From the line containing "Johnny Guitar Watson" through the last line below, copy every line exactly, leaving out the pictures.

DATA —
----

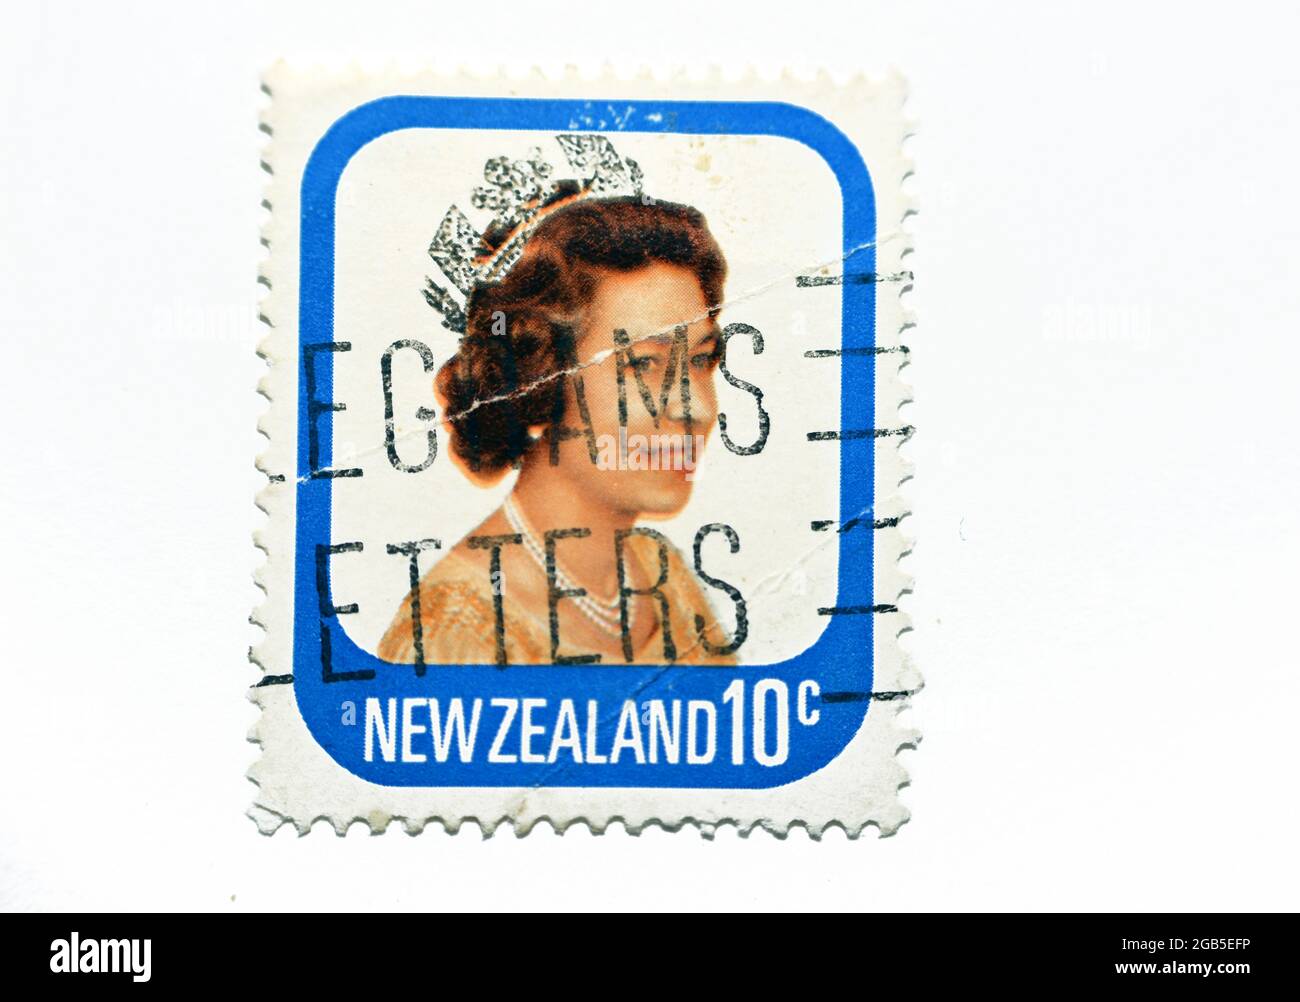 Postage stamp printed in New Zealand shows Queen Elizabeth II, 10 c - New Zealand cent, series, circa 1977, New Zealand Post Mark, Value 10c ten cents Stock Photo
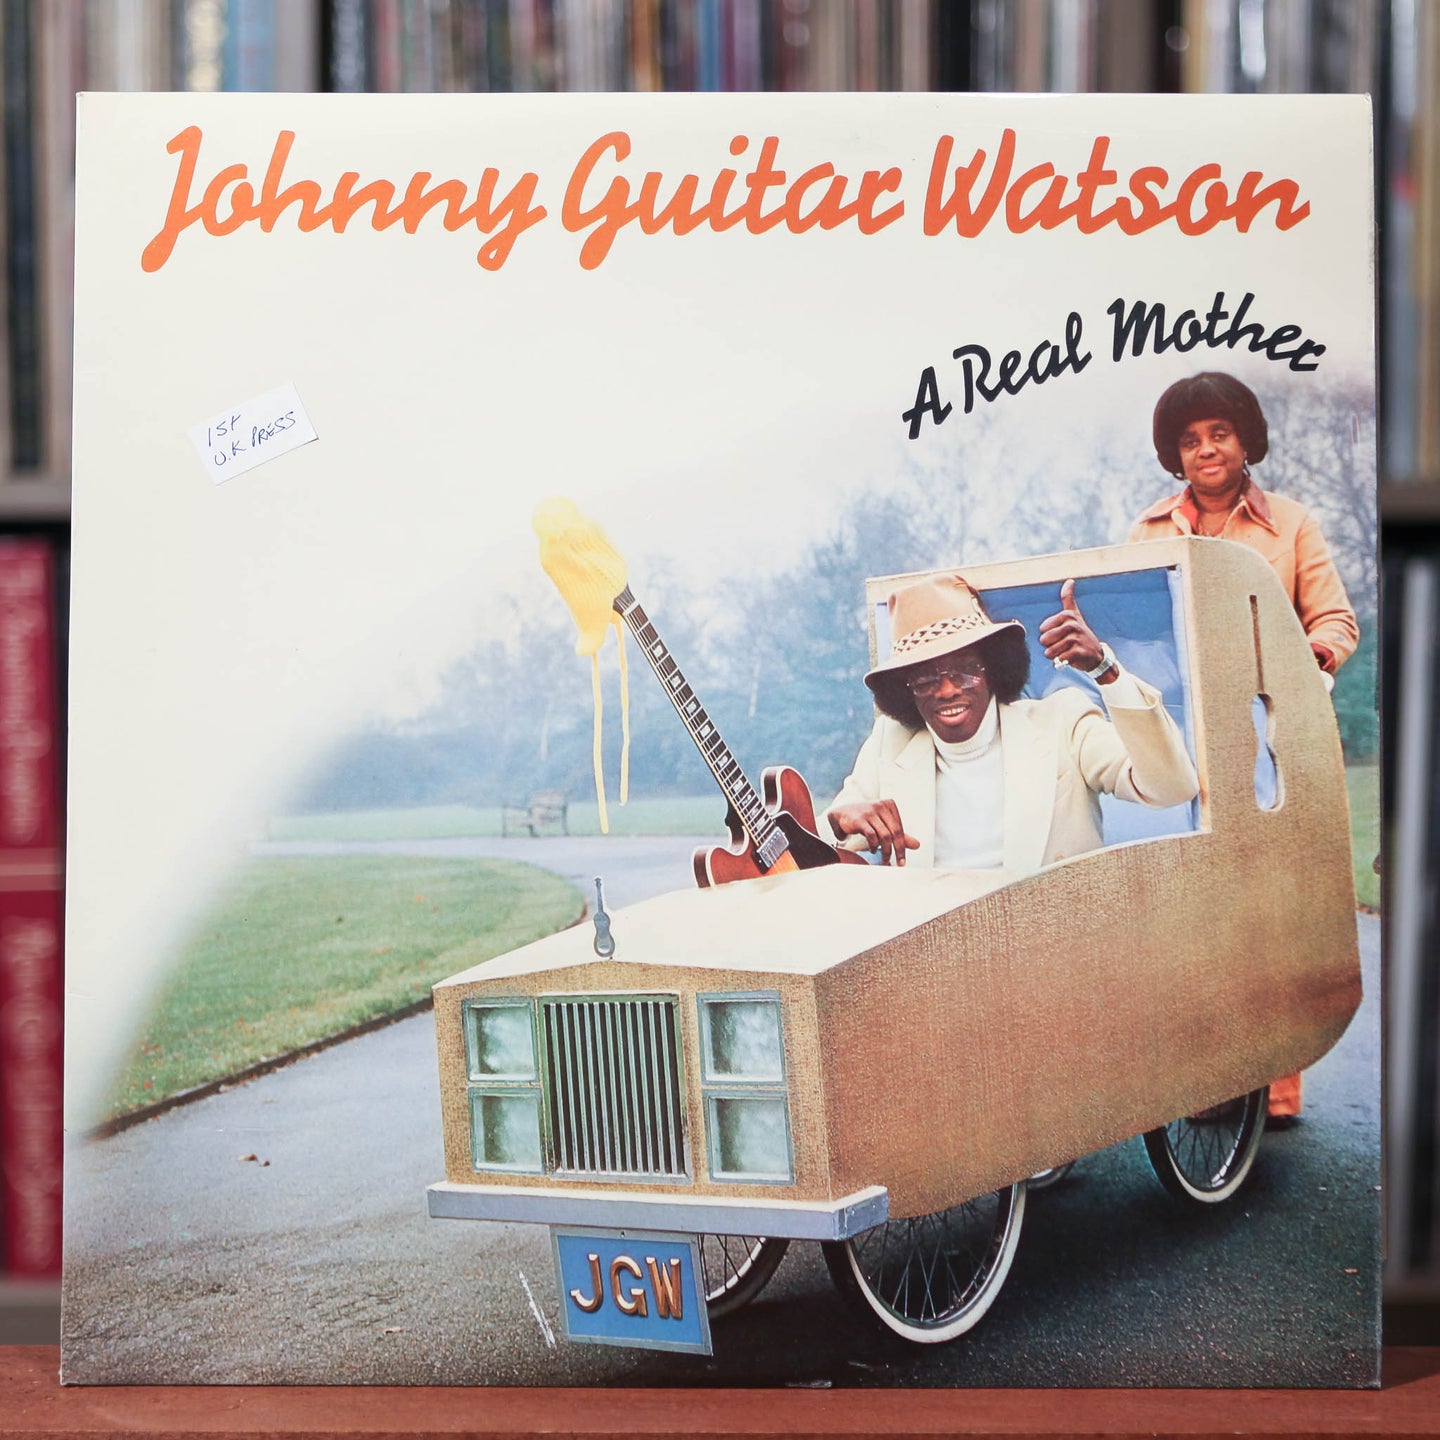 Johnny Guitar Watson - A Real Mother - UK Import - 1977 DJM Records, EX/EX
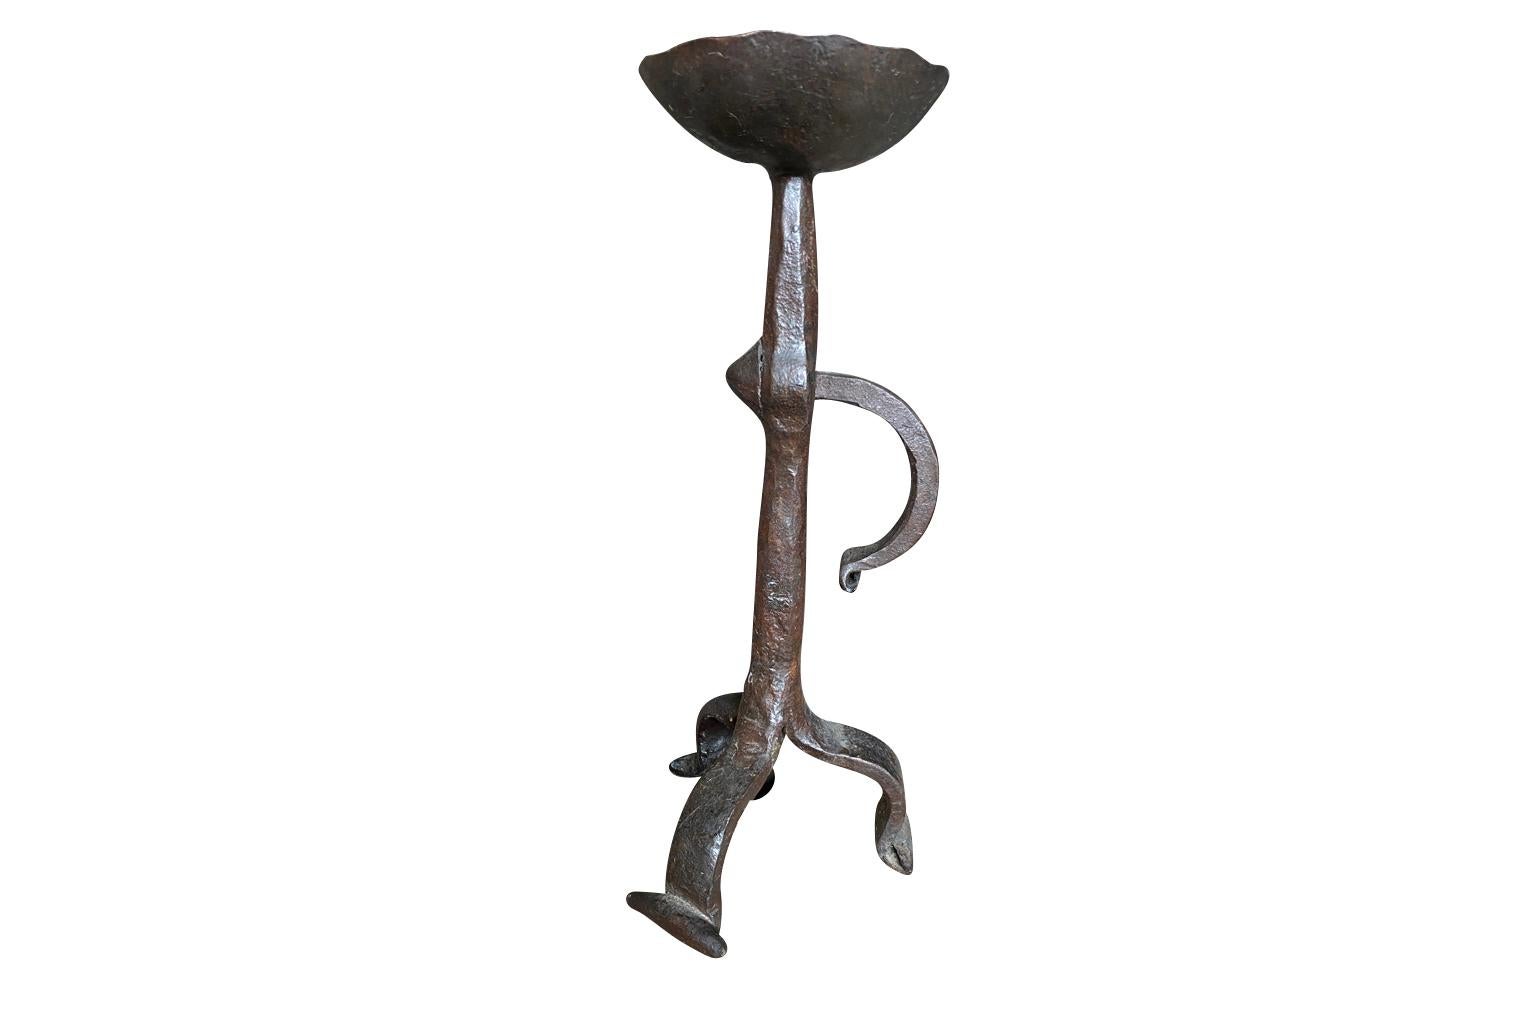 A very beautiful 17th century Bougeoire - Candlestick from the South of France.  Beautifully crafted from hand forged iron.  Terrific patina.  A perfect table top accessory.

----

FINISHED TASK —
 Johnny Guitar Watson - A Real Mother - UK Import - 1977 DJM Records, EX/EX
 A very beautiful 17th century Bougeoire - Candlestick from the South of France.  Beautifully crafted from hand forged iron.  Terrific patina.  A perfect table top accessory.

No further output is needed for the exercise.